The Sewanhaka Central High School District is a central high school district located in western Nassau County on Long Island, in New York State.  The district is currently composed of five high schools: Sewanhaka High School, Elmont Memorial High School, New Hyde Park Memorial High School, Floral Park Memorial High School, and H. Frank Carey High School.

The schools are fed from separate elementary school districts in the various communities, each having its own board of education.

History
The Sewanhaka Central High School district was created around 1929 with the building of Sewanhaka High School, the first high school in the current district.
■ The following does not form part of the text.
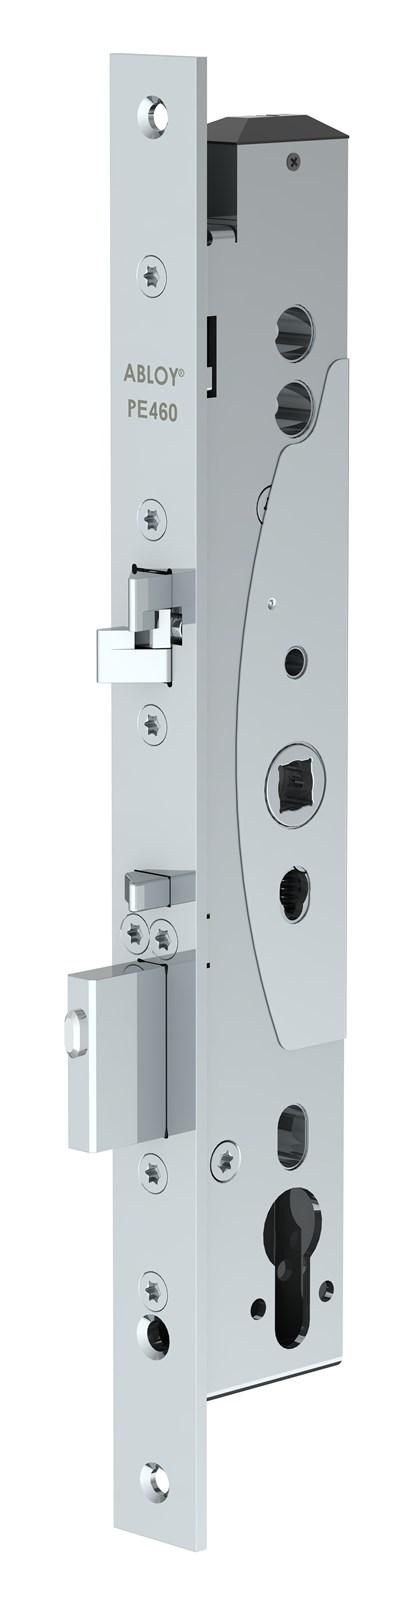 Lock case PE460

In the 1950s and 1960s, the additional high schools were built to accommodate the growing population.
Notable alumni include longtime NFL quarterback Vinny Testaverde, Olympic discus champion Al Oerter, and actor Telly Savalas (Kojak).

Schools
The following elementary school districts graduate to attend schools in the Sewanhaka Central High School District:
Elmont Union Free School District
Floral Park-Bellerose Union Free School District
Franklin Square Union Free School District
New Hyde Park-Garden City Park Union Free School District

Sewanhaka High School
Sewanhaka High School was the first high school in the district and also the first in the district to receive the Blue Ribbon Recognition (It was nationally prominent in the 1930s as America's #3 school.)

Floral Park Memorial High School
Floral Park Memorial High School is located in Floral Park.

Elmont Memorial High School 
Elmont Memorial High School is located in Elmont.

New Hyde Park Memorial High School
New Hyde Park Memorial High School is located in North New Hyde Park.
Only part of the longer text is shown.